HDFS - Hadoop File System. Not-relational
Relational Databases: Think rows and columns
Accumulo and HBase present structured relational databases delivered via HDFS.

Hadoop is more popular than sector file management system.

Enables automatic parallelization of queries. 
Handles storing, location, replication and processing of your data.

Enables easier identification of patterns across the data. Using Map-Reduce.

Map-Reduce - Good for:

Huge data sets
Disparate datasources
unsure about what data queries will be done.
Summarizing independent processes.

Map-Reduce not good for:

- Relational databases are adequate for the task
- Well defined queries.

What drives you to use the cloud capabilities:

- Unstructured data in large quantities
- Surge events are common

Learn what is possible with Map-Reduce and the cloud capabilities.

Why build your own cloud?
- Security, privacy or proprietary needs not met by existing cloud services.
- Ongoing maintenance costs.

Interesting suggestion (not verbalized) that you want a message queue to handle, arbitrate and allocate processing requests.
Message queuing can be used to scale resources up and down.

General Cloud Questions:
- Will you know where your cloud is physically located.
- Amazon AWS uses regions but are not more specific.

- Who gets access (US or Foreign Nationals)
- How is data ingested?
- How is data stored?
- How is data secured at rest?
- How is data deleted?
- Can you test your data has been deleted or hidden?
- Can you keep your data separated from others?
- Frequency of Hardware upgrades
- Proven VMs?
- Who has done a risk assessment?


- Cloud is here to stay
- More projects will involve the cloud
- Need to understand strengths and weaknesses of the cloud
- Learn about cloud capabilities

FedRAMP is a new standardized approach to security assessment, authorization and security monitoring for cloud-prodcuts and services.

Good for low risk government projects.
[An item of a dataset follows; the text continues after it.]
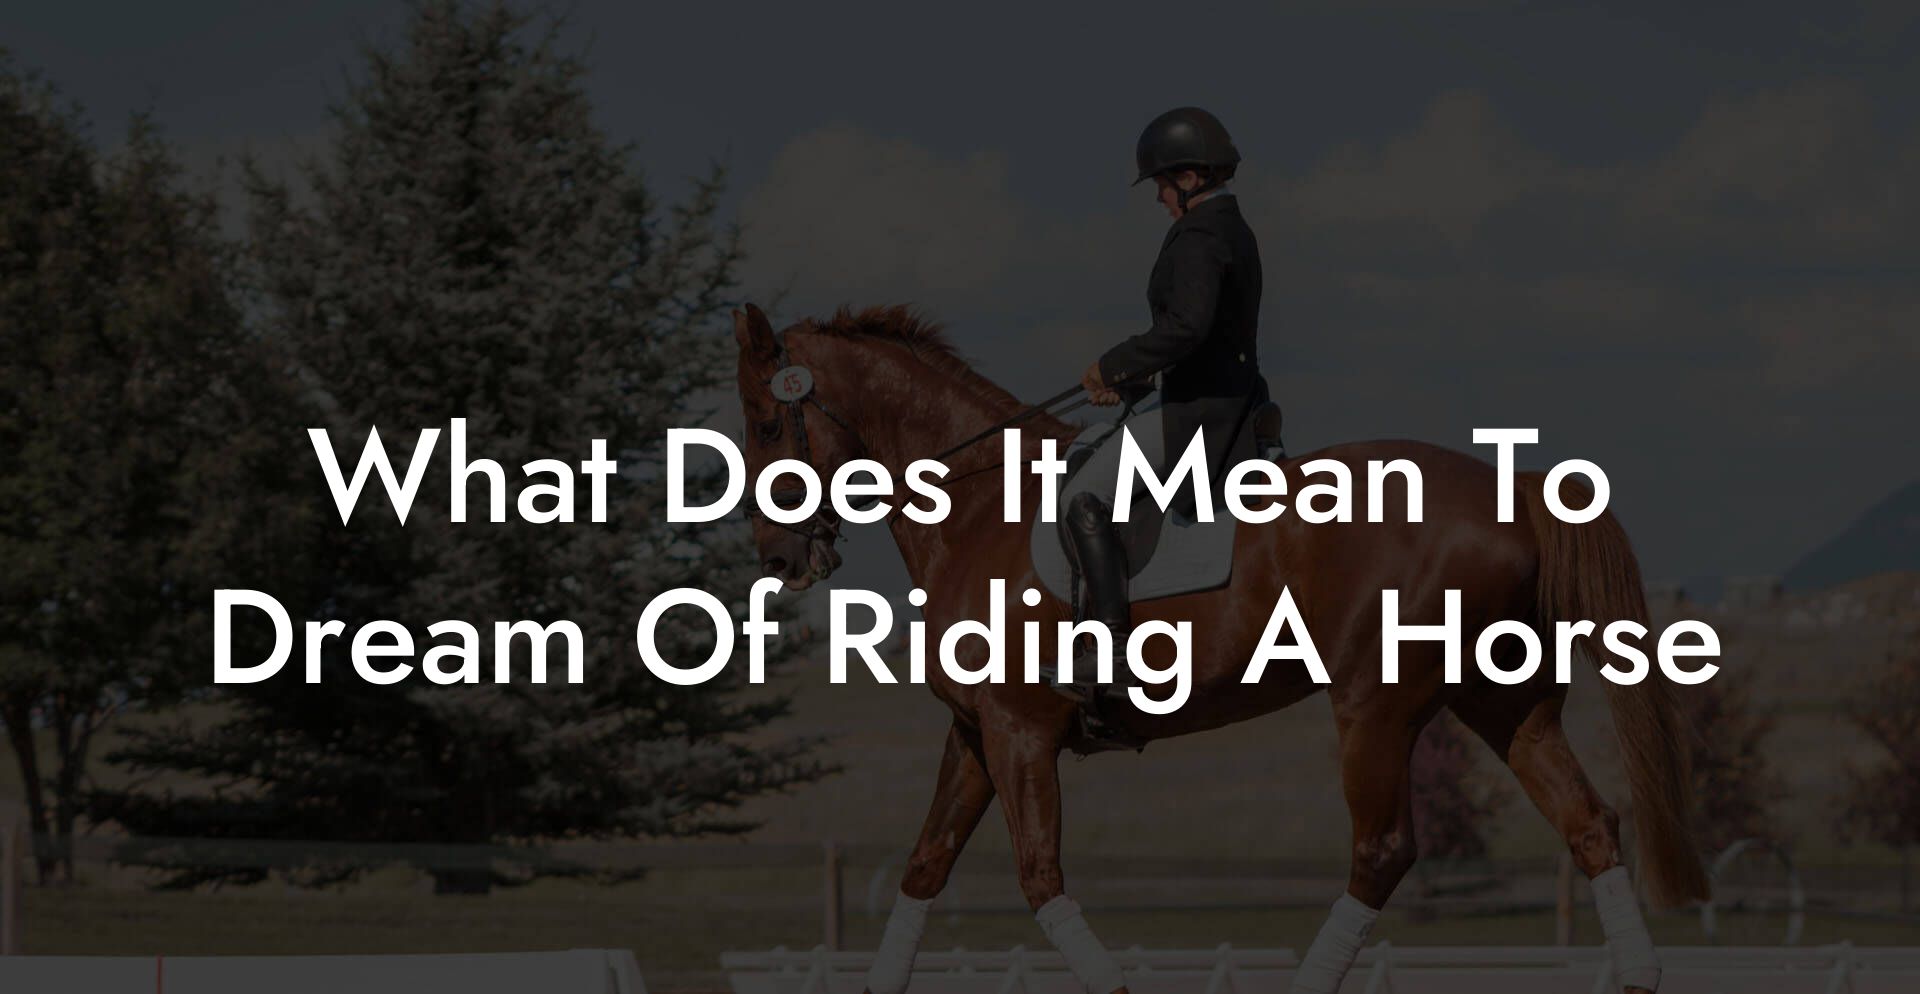 What Does It Mean To Dream Of Riding A Horse

Not for High security applications.

Map-Reduce programs are more complicated if the data is not clean. 
Look at cleaning data on load to simplify queries.

Licensing in the Cloud. Manufacturers (software) have not really setup licenses for cloud services.
Best advice is to consider Open Source  and pay for support.

Security Issues - VMs may be more secure than Shared Hosting. In Shared Hosting the Feds can confiscate a server in a hosting facility. If the server is a shared host then other customers can be impacted.

Service Level Guarantees - What is reasonable? It depends. Worth looking at Service Level Agreements.